Namun, jika kebuntuan antara dua pemimpin – CM Elahi dan Hamzah – berlangsung selama tiga hari selama penunjukan, maka pembicara akan membentuk sebuah komite yang terdiri dari enam anggota majelis keluar dengan perwakilan yang sama dari bendahara dan oposisi.

Kepada panitia, CM dan pimpinan oposisi masing-masing akan mengajukan dua calon.

Panitia kemudian akan memiliki waktu tiga hari untuk mengembangkan konsensus pada satu nama. Jika gagal juga maka nama-nama calon akan dirujuk ke Komisi Pemilihan Pakistan (ECP) untuk keputusan akhir dalam dua hari.

Calon yang terpilih akan menjalankan tugasnya sebagai CM interim hingga terbentuknya pemerintahan baru di provinsi tersebut. CM sementara juga memiliki kekuatan untuk melantik kabinetnya sendiri.

Menyusul penempatan ketua menteri sementara, KPU wajib melaksanakan pemilihan umum di provinsi itu dalam waktu 90 hari.

Badan pemilihan dapat mengadakan pemungutan suara dalam waktu 22 hingga 45 hari karena secara konstitusional membutuhkan setidaknya 22 hari untuk memeriksa surat-surat pencalonan para kandidat.

Para kandidat akan diberi waktu 29 hingga 30 hari untuk menjalankan kampanye pemilu.

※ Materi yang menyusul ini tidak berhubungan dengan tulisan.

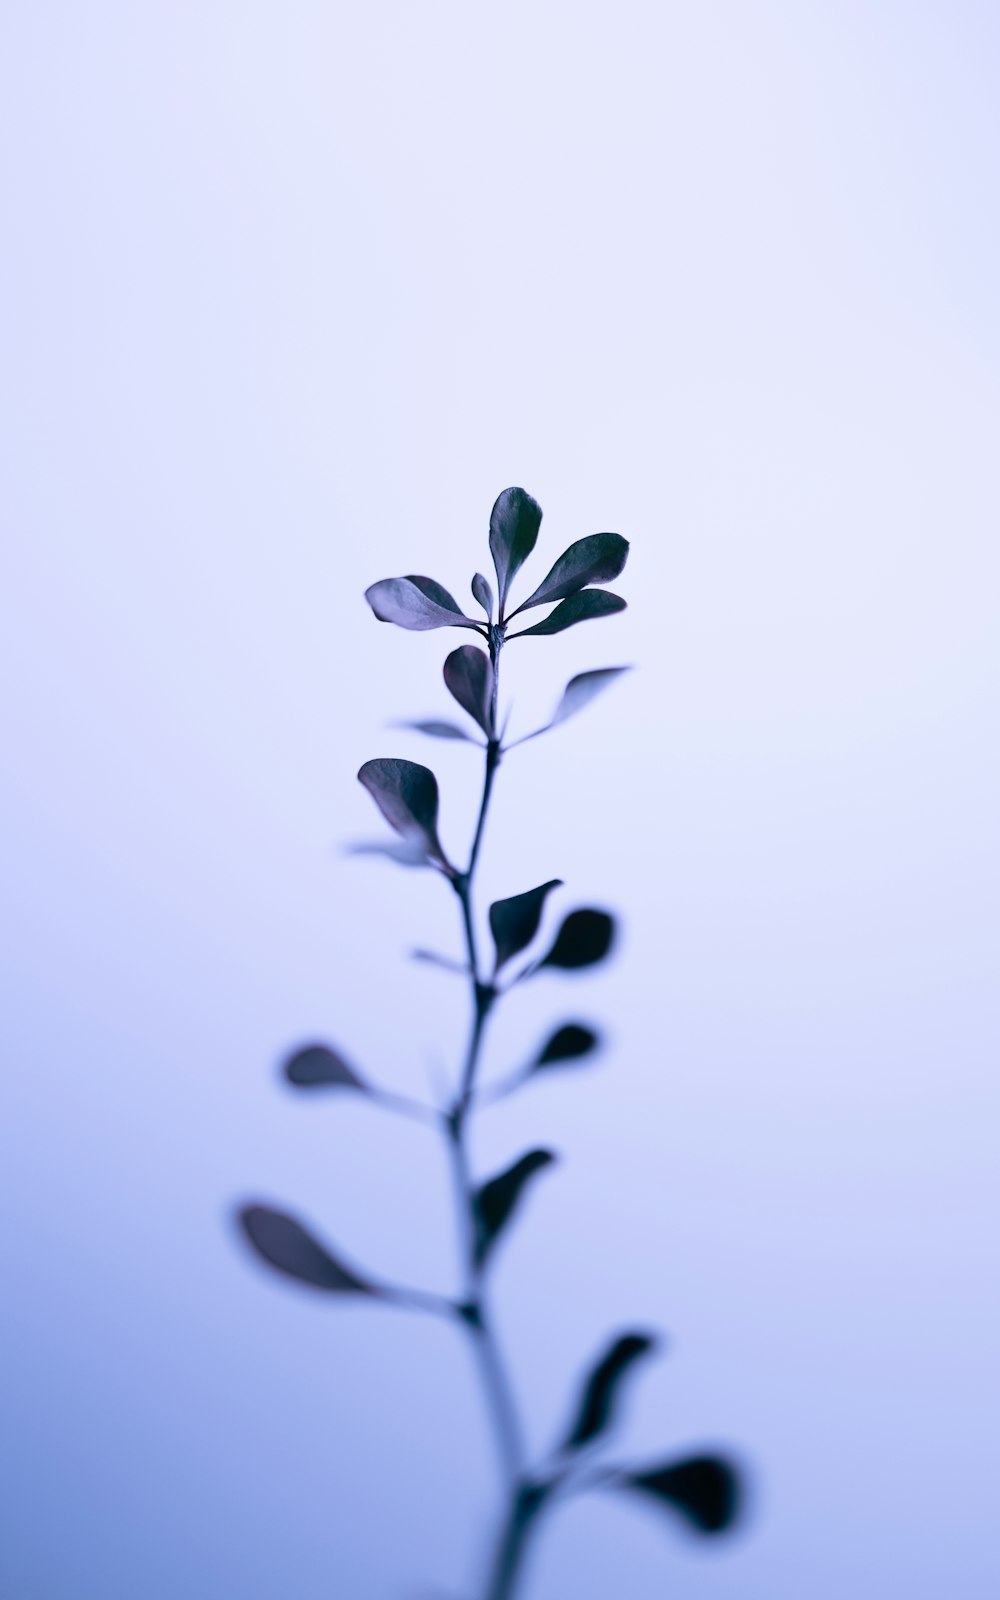 a plant is shown against a blue background

Mempertimbangkan garis waktu seperti itu, ada kemungkinan bahwa ECP dapat melakukan pemungutan suara antara 1 Maret-10 April.

Togel singapore dan togel hongkong tentunya sudah tidak asing ulang untuk kamu penikmati togel hari ini. Pasalnya togel singapore dan togel hongkong sudah berdiri sejak th. 1990 dan berjalan sampai sekarang. Dulunya permainan menebak angka ini hanya sanggup kita jumpai di negara pengembang layaknya singapura dan hongkong. Namun berjalannya pas memicu Togel hari ini hongkong yang keluar jadi industri perjudian online terbesar di Asia bahkan Indonesia.

Di negara kami sendiri pasaran togel singapore dan togel hongkong sukses menduduki peringkat ke satu dan ke dua sebagai pasaran togel online terfavorit dan fair play. Hal ini tidak mengherankan, mengingat pengeluaran sgp hari ini tercepat telah berhasil memperoleh verified berasal dari lembaga World Lottery Association (WLA). Hal ini menandahkan bahwa pasara togel hongkong dan togel singapore terlalu safe untuk di jadikan sebagai lapak bermain togel online tiap-tiap harinya.

Di era teknologi canggih, kini permainan pengeluaran singapore bisa kita mainkan secara gampang. Karena disini para member memadai memiliki ponsel yang di dukung jaringan internet bagus untuk mampu terhubung bersama web togel online terpercaya yang kini tersebar luas di pencarian google. Dengan bermodalkan ponsel dan jaringan internet bagus tentu saja kini para member bisa dengan gampang membeli angka taruhan togel singapore dan togel hongkong.